Apr 2, 2020

150 years ago today, A Woman Runs for President

Victoria Woodhull announced her candidacy for President on April 2, 1870, in a New York Herald column, writing...
 “I claim the right to speak for the unenfranchised women of the country … I now announce myself as a candidate for the presidency."

     She was way ahead of the curve. She was too young to serve as president, even if she had won, and couldn't even vote for herself, because the 19th Amendment, freeing women to vote, wouldn't be approved till August 18, 1920. 

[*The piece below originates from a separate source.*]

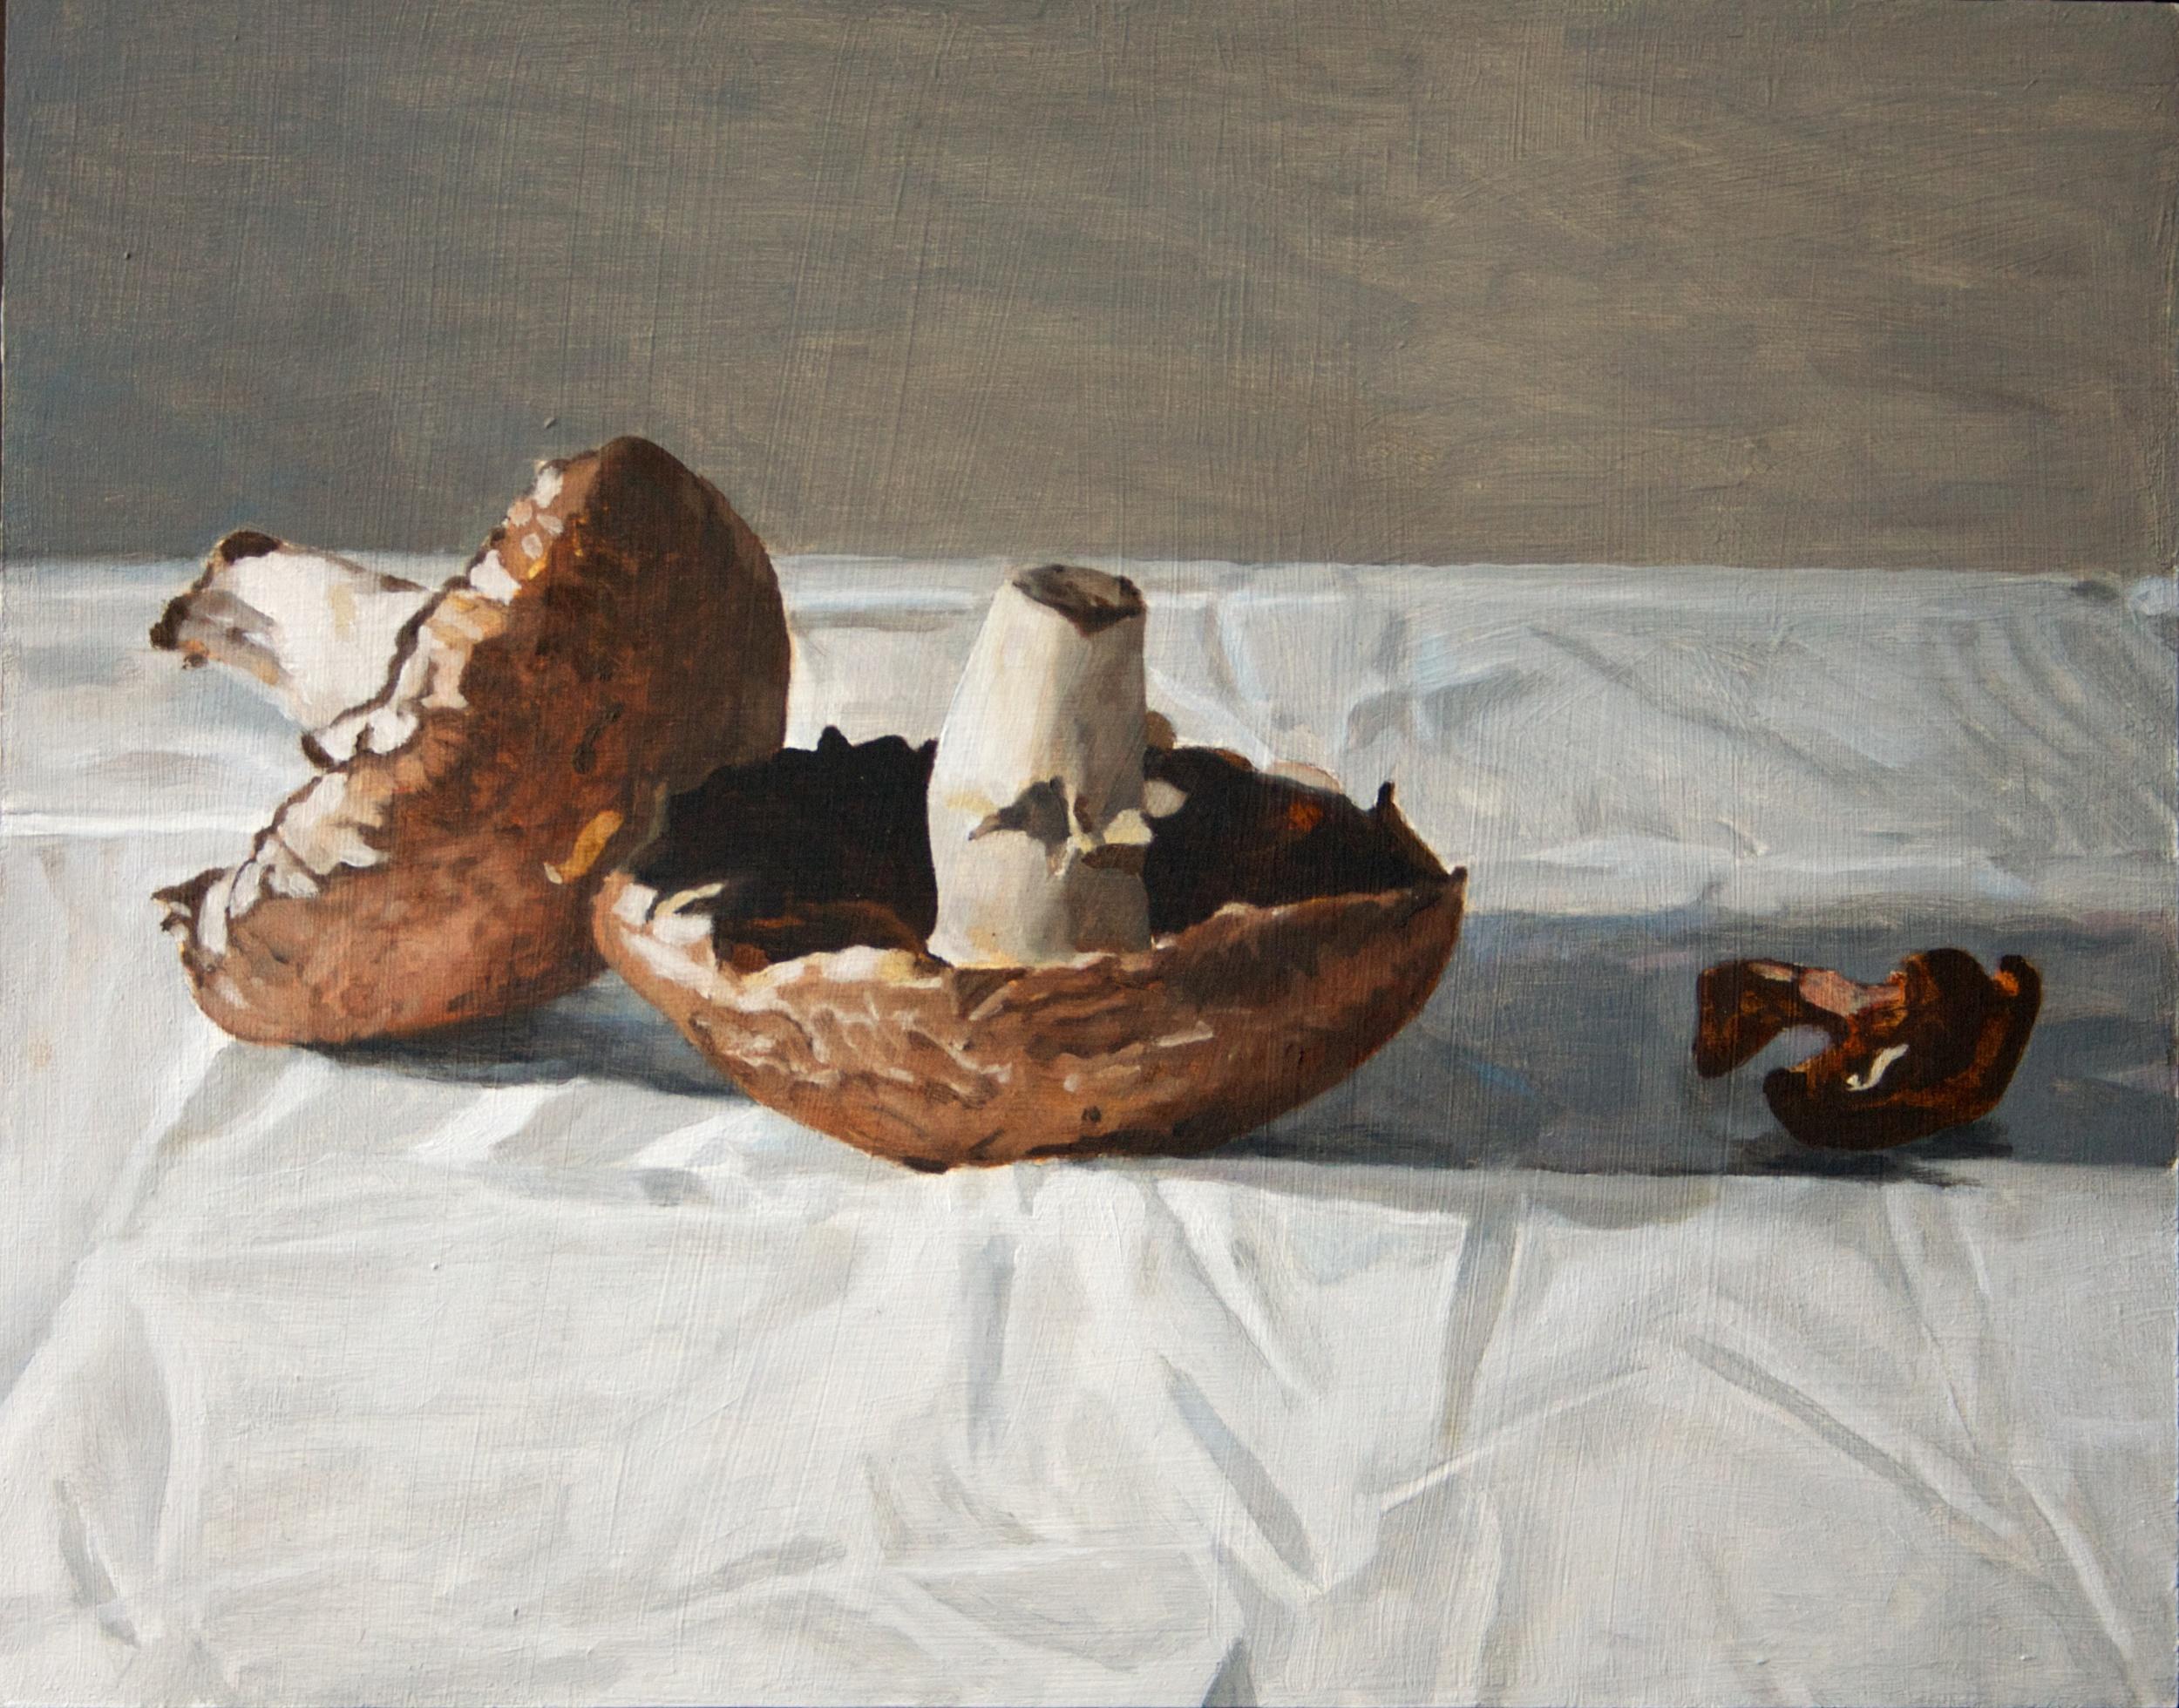 Still Life, Portobello and Shitaki Mushrooms, 2012 Oil on panel, 11 x 14 inches $725 + HST. Custom milled revealframe, painted white balsam
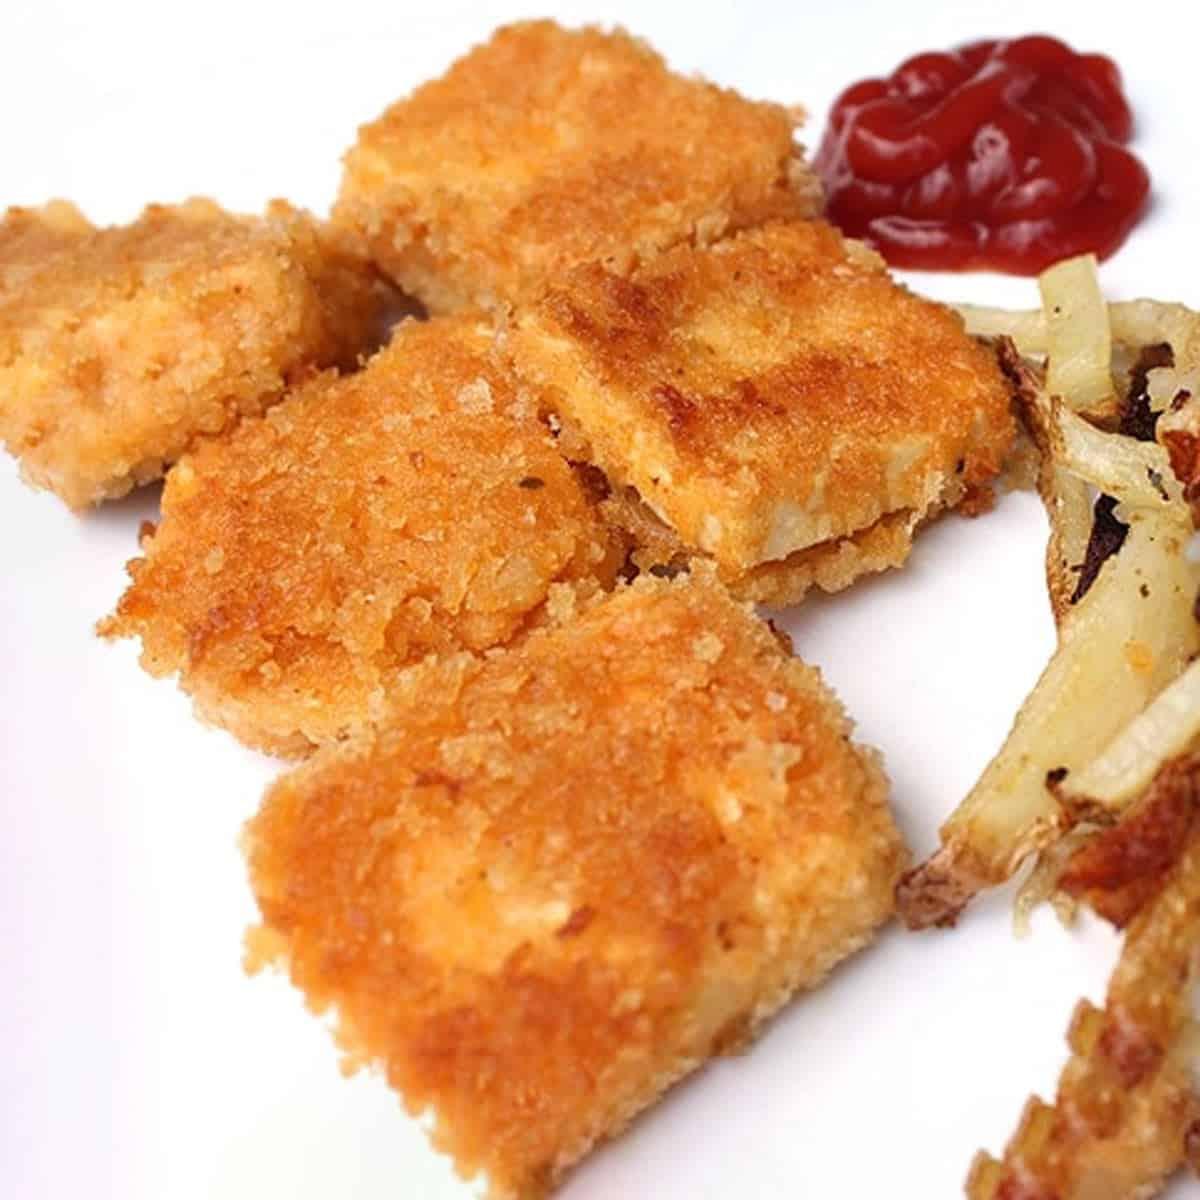 Panko Fried Tofu Nuggets with ketchup.

     But she announced her candidacy anyway, and was immediately blasted as a demon..."Mrs. Satan" as she was portrayed in a Thomas Nast political cartoon in 1872. 


© Thomas Nast/Library of Congress/Thomas Nast/Library of Congress Victoria Woodhull is often credited as the first woman to run for president. This caricature depicting her as "Mrs. Satan" ran in Harper's Weekly in February 1872. A mother burdened by children and a drunk husband rejects Woodhull's "free love" message, exclaiming, "Get thee behind me, (Mrs.) Satan!" and "I'd rather travel the hardest path of matrimony than follow your footsteps." (Thomas Nast/Library of Congress) 


Part of her column, announcing her candidacy:




  She moved to England in 1877, and  lived long enough to see the 19th Amendment go into effect.